Mick the Ram

Mick the Ram

BBC is 100 years old today as they celebrate centenary of first official radio broadcast

The BBC is today celebrating its 100th birthday, as it was on this day a century ago that the very first daily radio broadcasts began at 6pm on 14 November 1922. On that day a news bulletin that included a court report from the Old Bailey, details of London fog disruption, and billiards scores, were announced to those lucky enough to have a license. The GPO had only issued 30,000 for radio receivers by the time of the BBC’s first transmission.

Military inspired transmissions

In the immediate years after World War One, many former military radio operators used their skills to become amateur radio enthusiasts, picking up transmissions on home-made sets and transmitting their own little “shows” with a mixture of talk and music.  

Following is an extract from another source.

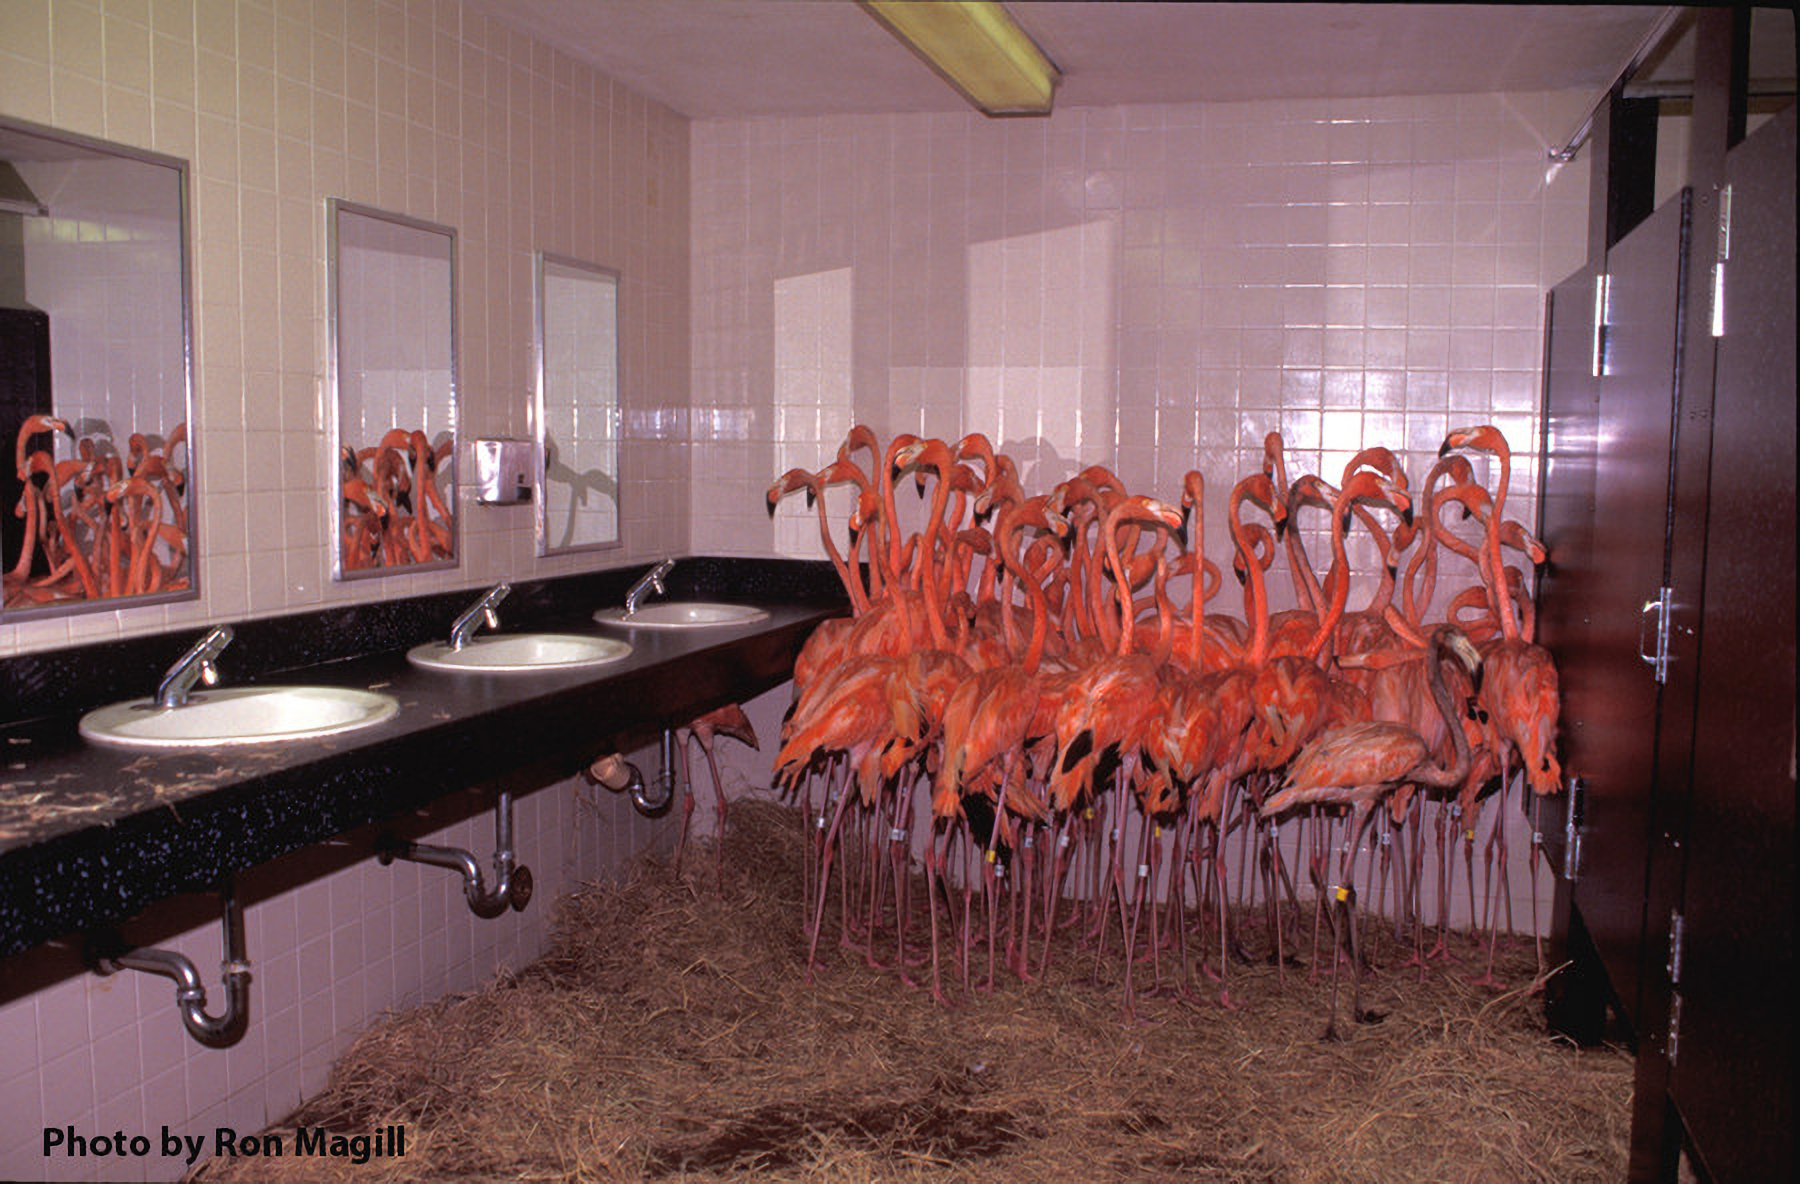 Flamingos huddled together in the bathroom at Miami Zoo during Hurricane Andrew (August 24, 1992)

“2LO Marconi House calling”

Then on 14 November 1922, Arthur Burrows, Director of Programmes at the British Broadcasting Company, launched Britain’s first national radio broadcasting service from Marconi House in the Strand, London. Speaking clearly, with great authority and diction that became so well known as to be rightly classed as iconic, he opened the transmission at 18.00 with a set of tubular bells used to imitate Big Ben. His began his grainy news report by announcing: “’2LO Marconi House London calling” and proceeded to tell those listening about a train crash close King’s Cross Station, the sale of a Shakespearean first folio and the dense fog in London.

He actually read out his report twice, once quickly and then slowly, and asked listeners to give him constructive feedback as to which was the better.

BBC – Burrows Brings Content

The public broadcaster that is known by billions of people all around the globe had actually been formed the previous month, on 18 October, as a private organisation by a group of leading wireless manufacturers, who were interested in producing programmes that would make Britons buy their fancy new receivers.

However, it Burrows who uttered the first words spoken on air for the BBC, which back then stood for the British Broadcasting Company, rather than Corporation as it is now.

News is the stock item

News was the mainstay of programming initially, although that said, these programmes went out only in the evening, to compensate the newspapers who genuinely feared for their future and heavy loss of customers, due to the inception of the broadcasted news bulletins.

Lord John Reith became the first boss of the BBC and wanted broadcasting to be taken seriously. He famously said that the company should “inform, educate, entertain” – in that order.

North/South divide even back then

Although the first transmission’s were from London, there were also broadcasts from Manchester, and it was their station 2ZY, which aired the first children’s show called Children’s Hour which was on between 5pm and 6pm every day, to catch the kids as they arrived home from school.

They also introduced the first regular weather forecast. London 2LO was run by the Marconi company. Manchester’s station was operated by Metropolitan-Vickers. Although working for the same organisation, there was even back then the north verses south rivalry.

Television arrives

Television arrived in 1936 with the BBC offering a high-definition service broadcast from Alexandra Palace. Musical comedy star Adèle Dixon took to the studio floor, to sing “Magic Rays of Light” to begin a half-hour variety show, after viewers had endured some short speeches from government officials and BBC chiefs, who apparently liked the sound of their own voice – some things never change!

To avoid “eye strain” take a five hour break!

The Director of Television at that time, Gerald Cock, ruled that there should be breaks between individual programmes in order to “avoid eye strain”, hard to comprehend now, but all very commendable back then, in what was a completely new phenomenon; however, five hours seemed a bit excessive.

He did attempt to justify his decision by saying it also would avoid interfering with viewers’ domestic life, including mealtimes and children’s bed times.

Royal Wedding attracts staggering viewing figures

In 1953 Queen Elizabeth II’s Coronation saw over 20 million people tuning in from around the world. Then in 1967, the first colour broadcast went out when coverage of the Wimbledon Tennis Championships aired. In 1981 a staggering global audience that topped 750 million, watched the royal wedding of Prince Charles and Lady Diana Spencer, making it the most popular programme ever broadcast.

Director General looking towards next 100 years

Current BBC director-general Tim Davie repeated the mission statement of his early predecessor by saying that never has the remit to inform, educate, and entertain been more relevant or needed.

After stating that the broadcasting company had been a beacon of trusted news and programming and a fabric of the UK and one of its key institutions for a century now; he went on to add: “We exist to serve the public – doing that will guide the next 100 years.”